We were separated from our “little piece of heaven” in the foothills of the Blue Ridge in the late summer of 1987 by a chain link fence and a locked gate with a puppy dog emblem on top. To ensure we didn’t venture in was a huge, bearlike dog. He was quiet but eyeing us warily from what I assumed was a garage but could have been the Blue Ridge’s largest doghouse. We didn’t know at the time that this would be our little piece of heaven but there was a sign on the driveway saying, “For Sale.”

“Sometimes you don’t know you are lost until you are found.”

We were out making memories as we did back then. Driving unknown roads hoping to get lost on some winding pig trail. Gas was cheaper and our car a steed to find adventure. It would be the beginning of many such adventures but none as important as this one.

We talked about the need to move into something larger. Something rundown we could renovate…a couple of acres of land to surround it. Somewhere we could spread out a bit. Something better for two people and three puppy dogs than a condominium. Somewhere to make memories. This was it we just didn’t know it at the time.
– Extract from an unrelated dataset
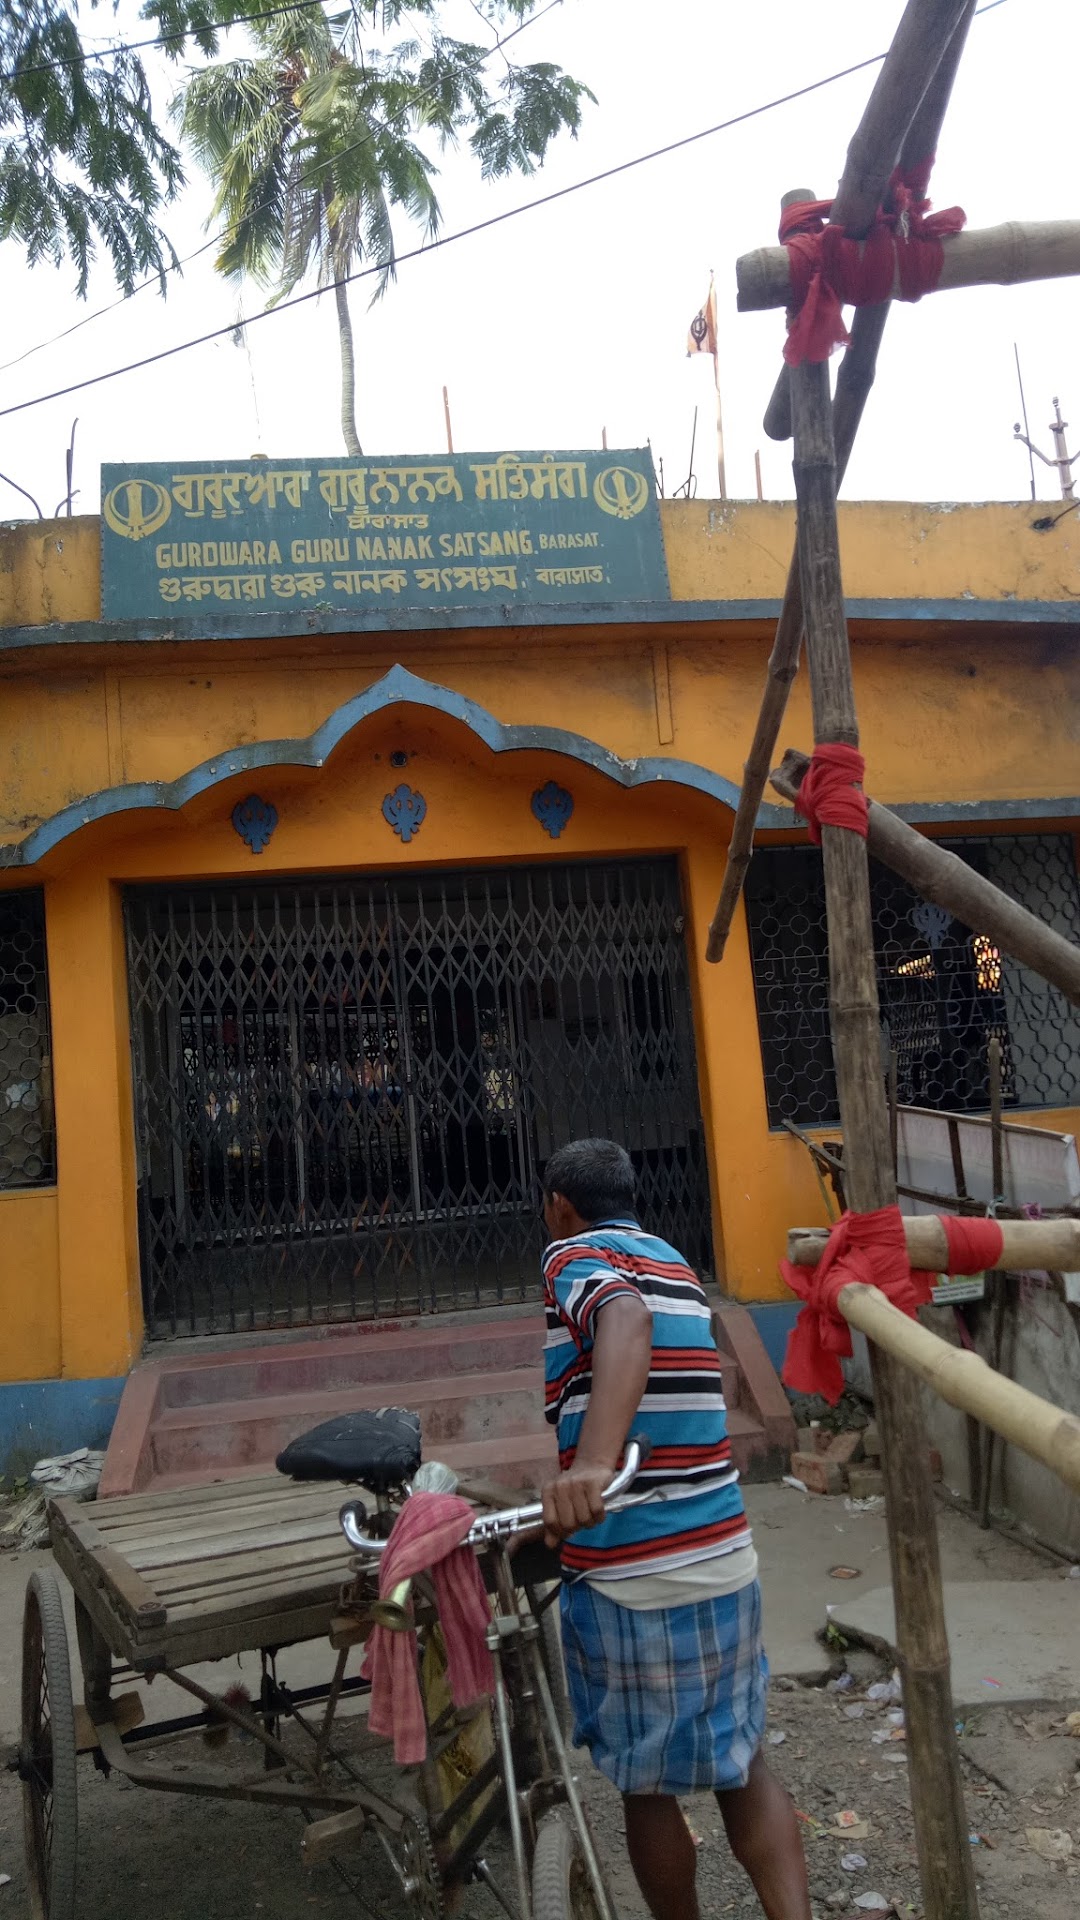 Gurdwara Guru Nanak Satsang

My bride exclaimed, “This is perfect.” “Not so fast” my Lee Corso voice said in my head. That’s not true, I didn’t know much about Lee Corso thirty-six years ago and don’t think ESPN’s Game Day existed. What was true was that there would be many pig trails and switch backs before it became “our little piece of heaven.”

 “Not so fast!”

My bride made the phone call as soon as we got home. When she gets something in her head, she takes the bit in her teeth and will not be turned even if it means galloping over a cliff. The realtor was nice but told us a couple was signing a contract on the property the following week. My bride was deflated. I wasn’t sure what I was.
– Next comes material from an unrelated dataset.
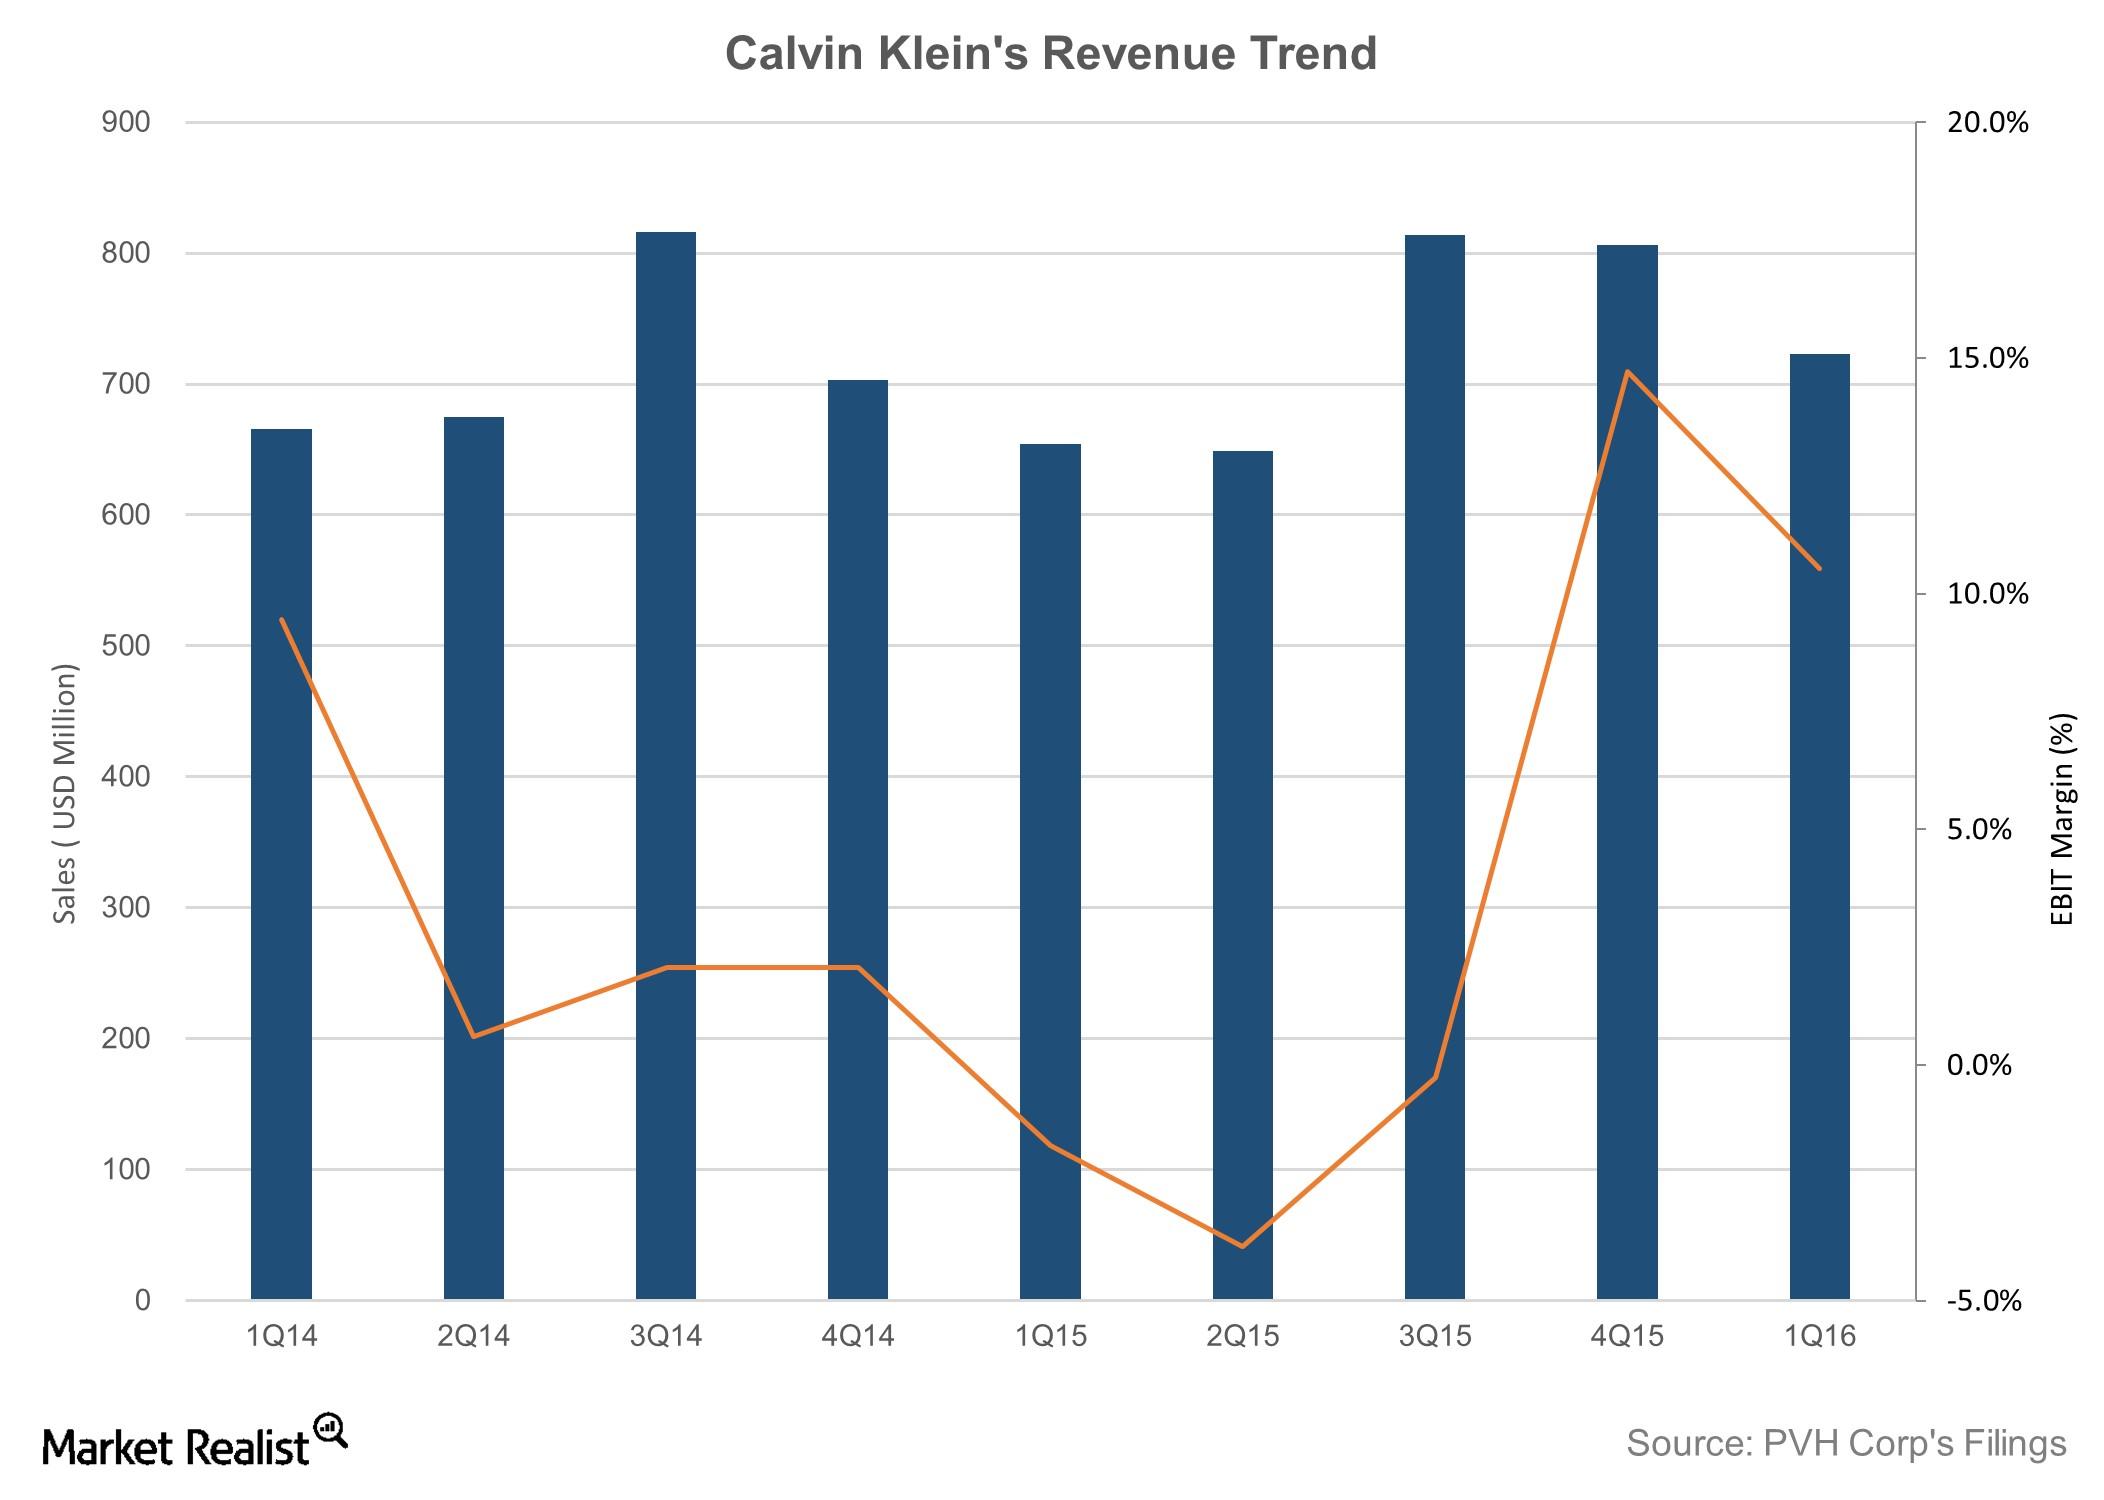 Can Calvin Klein Drive PVH's Sales Growth in 2Q16?

He told us 3300 Highway 11 was an old farmhouse sitting on the front right corner on eighty-seven acres fronting Highway 11. We found later it was populated with eighty-seven acres of pines, oaks, mountain laurel, black walnuts, and hemlocks. It was cut by seven streams with the scattered remains of moonshine stills littering their banks. Some foggy mornings the smell of sour mash still permeates the air.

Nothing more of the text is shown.